Once the fast simulation and modeling are available, Gellings said there is a need to more fully integrate power electronics devices, such as FACTS, into the system.

“If you have the capability to sense system condition, and you have some control hierarchy and the ability to switch with power electronic speed, you could have a self-healing system–or at least one that isolates disturbances very locally or reconfigures the system in real-time to minimize disruption,” Gellings said.

While some of the technology is already available, Gellings estimated it would take another four or five years to have all the technology to make the self-healing grid a reality. It would then take, he estimated, another 10 years to see the technology deployed.

“What’s impeding the use of FACTS and other power electronics solutions right now is cost,” Gellings said. “We have to get aggressive about getting the costs down.”

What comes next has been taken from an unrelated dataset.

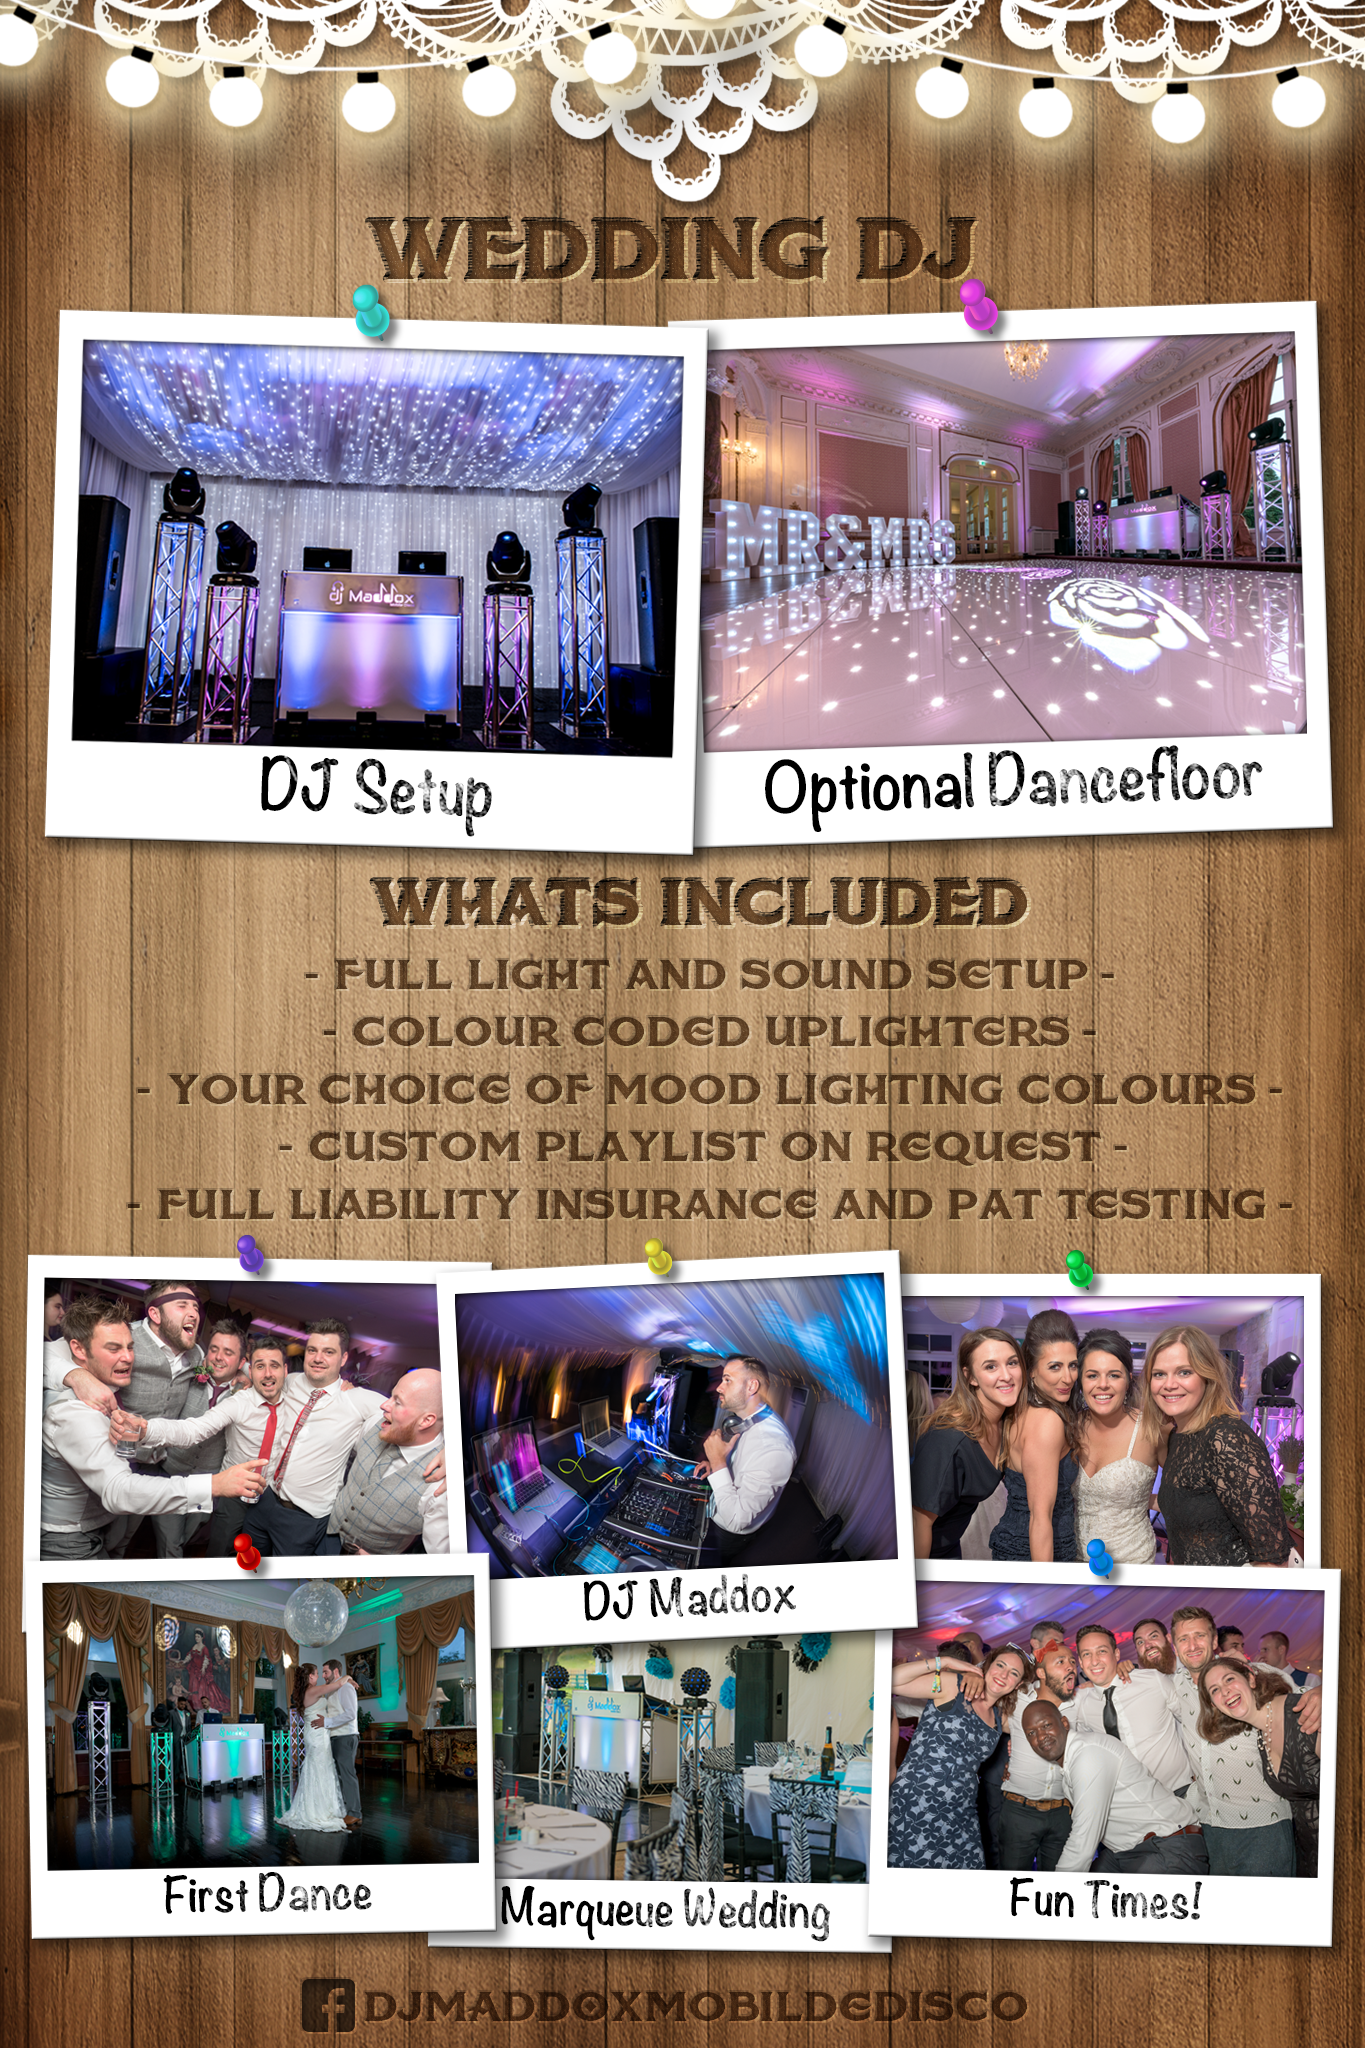 Wedding DJ Package Poster - DJ Maddox Mobile Disco & Wedding DJ

Gellings said he hopes the lasting legacy of the blackout will be a greater appreciation for what properly implemented technology can do for the grid.

“Support, in general, for science and technology has waned,” Gellings said. “It’s waned both philosophically and practically. It’s both a matter of a loss of idealism as well as not having the resources.

“What I hope comes of this (the blackout) is a realization that technology is important, and perhaps a renewal of will to aggressively study and investigate technology,” he said. “All the rest–the research and development funding, the investments in the grid–will follow if we once again begin to recognize the importance of science and technology.”